Ahora bien, si la Iglesia somos todos los cristianos, entonces cada uno somos responsables de los demás, y también responsables de organizarnos, de participar, de opinar, de ayudar. Claro que hay que organizarse, y en la Iglesia hay distintas funciones, ministerios y tareas. Nada es de uno, todo es de todos. La Eucaristía no es algo propio del sacerdote celebrante. En la Misa participan muchos ministros: monitores, cantores, salmistas, lectores; otros que preparan la asamblea y lo necesario para la celebración. El celebrante tiene que respetar la labor de cada uno de esos servicios y ministerios. El papel del celebrante es estar al servicio de la asamblea. Y si él tiene su lugar fundamental, el de ser “otro Cristo”, este Cristo está en función de su esposa, la Iglesia, representada por la asamblea. En un buen matrimonio deciden los dos.
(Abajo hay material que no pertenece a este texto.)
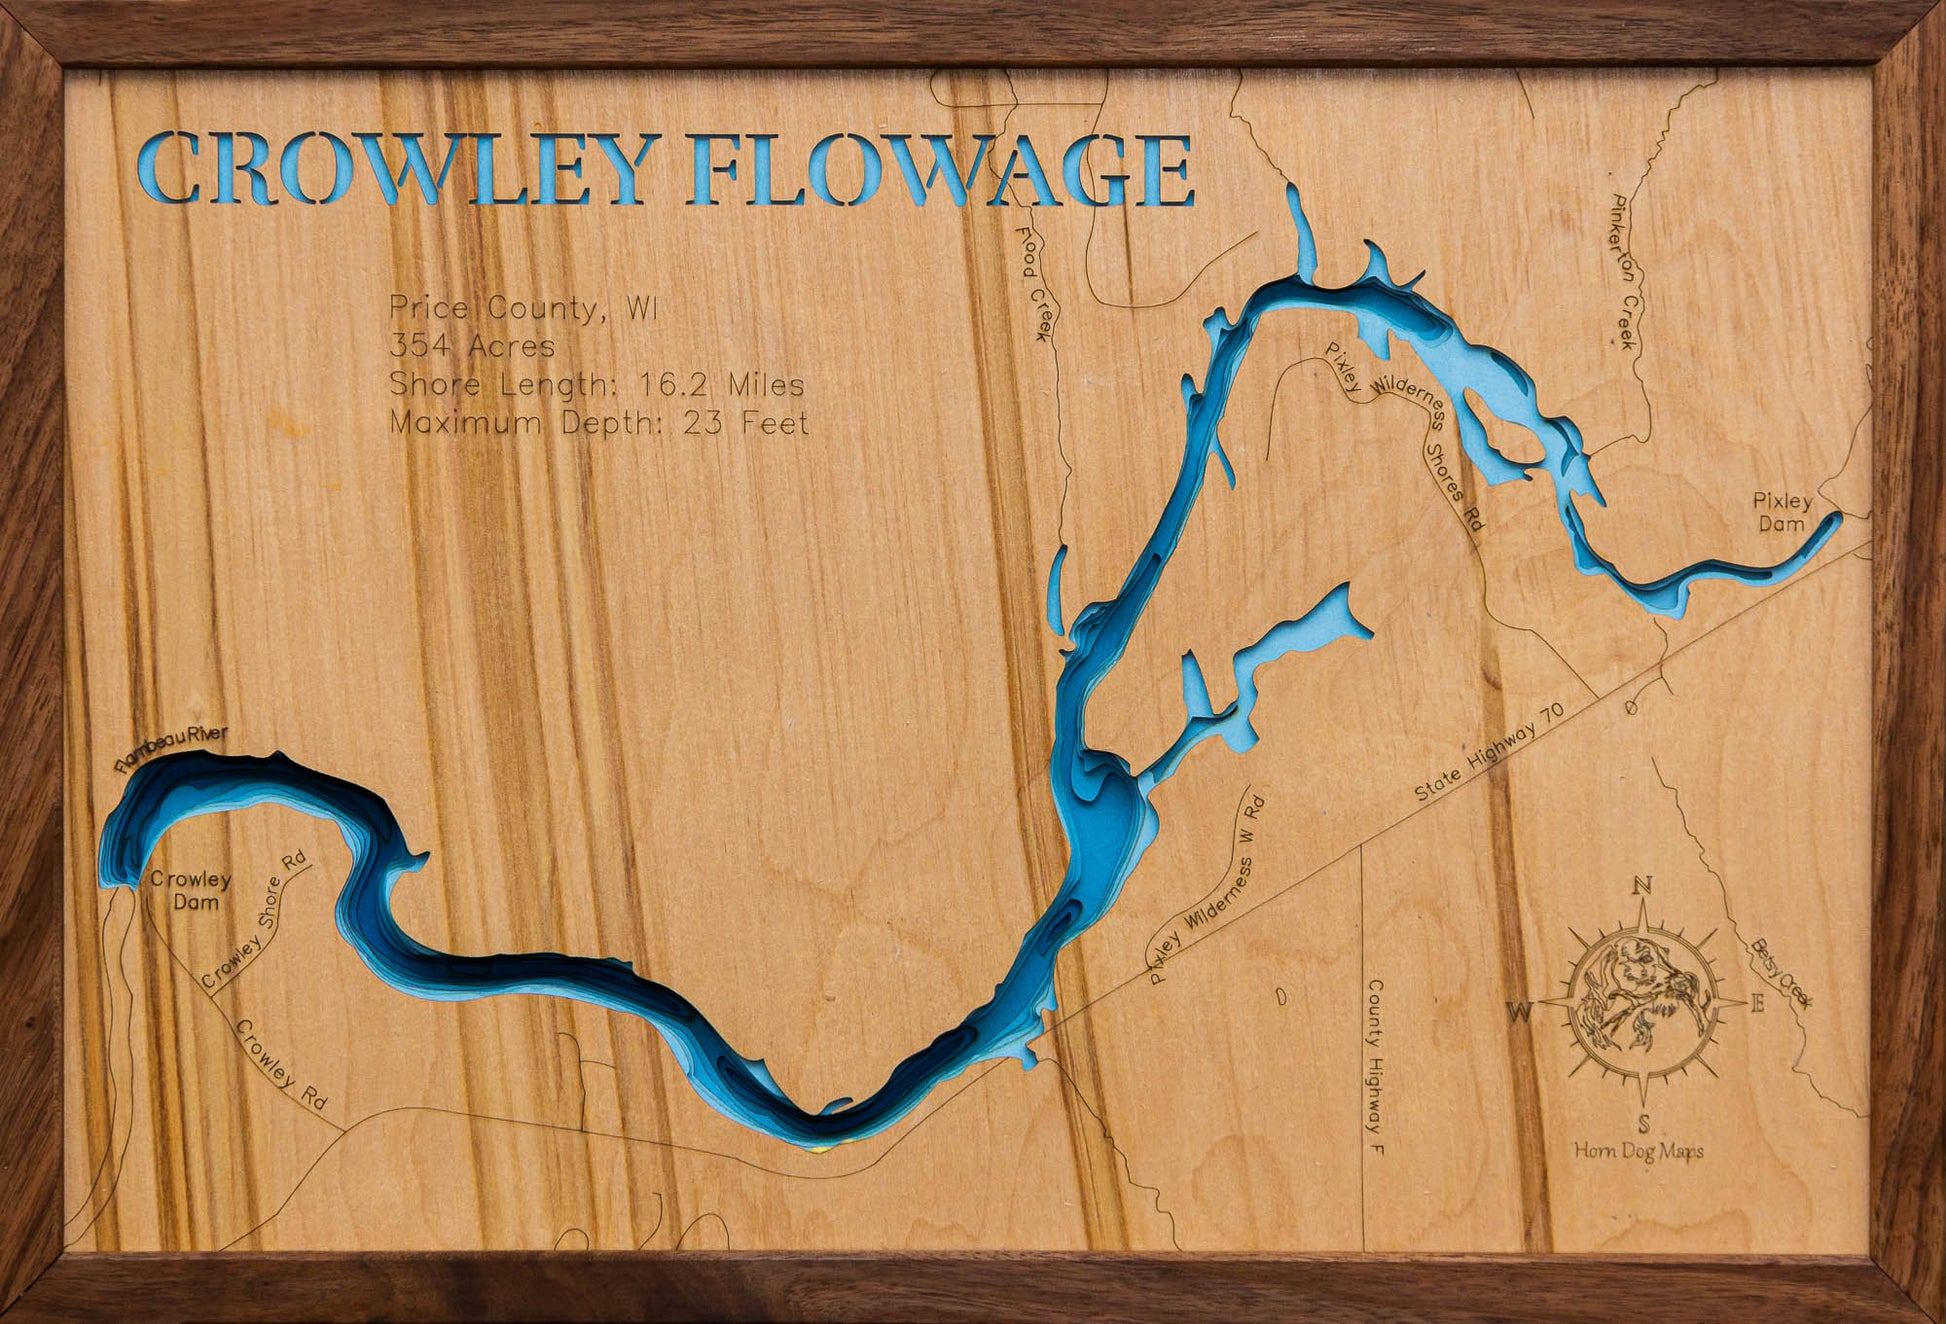 Crowley Flowage in Price County, WI

Ahora que vamos a celebrar el día de la Iglesia diocesana (el 13 de noviembre), es importante recordar que en un buen matrimonio deciden los dos. Porque en esta Iglesia nuestra hay que superar, allí dónde la haya, la mentalidad clerical. Es importante que tengamos buenos pastores, conscientes de que su lugar está en el servicio, sobre todo en el servicio de los más pobres y necesitados de su parroquia. Para poder servir, a unos y otros, es necesario acercarse y hacerse amigo. Solo desde la amistad se sirve bien. Solo desde la amistad se es bien recibido. Lo que importa en un buen pastor no es su relación con los poderosos, sino si es un buen amigo de los pobres.
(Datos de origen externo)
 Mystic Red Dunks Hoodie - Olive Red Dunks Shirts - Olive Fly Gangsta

En esta Iglesia nuestra hay parroquias donde los laicos, y especialmente las mujeres (¿o no son mujeres las que dirigen la catequesis, las que se ocupan del servicio de caridad o las que animan el rezo del Rosario, allí donde lo hay?), tienen un papel importante, acorde con su formación, su capacidad y sus ganas de trabajar. Esta realidad debería extenderse más y más. También es importante una pastoral de encuentro a todos los niveles: encuentro entre los propios pastores y encuentro de los pastores con los fieles laicos. En la Iglesia, la palabra competencia, y no digamos rivalidad, no es que deberían estar prohibidas, es que no deberían estar en ninguna cabeza, porque ninguna cabeza piensa en ello. Debería llegar un momento en el que si alguien oyera la expresión “carrera eclesiástica”, respondiera: “¿y eso qué es?”. Eso sí: el no saber lo que es la carrera eclesiástica debería ser la manifestación de que el carrerismo ha desaparecido.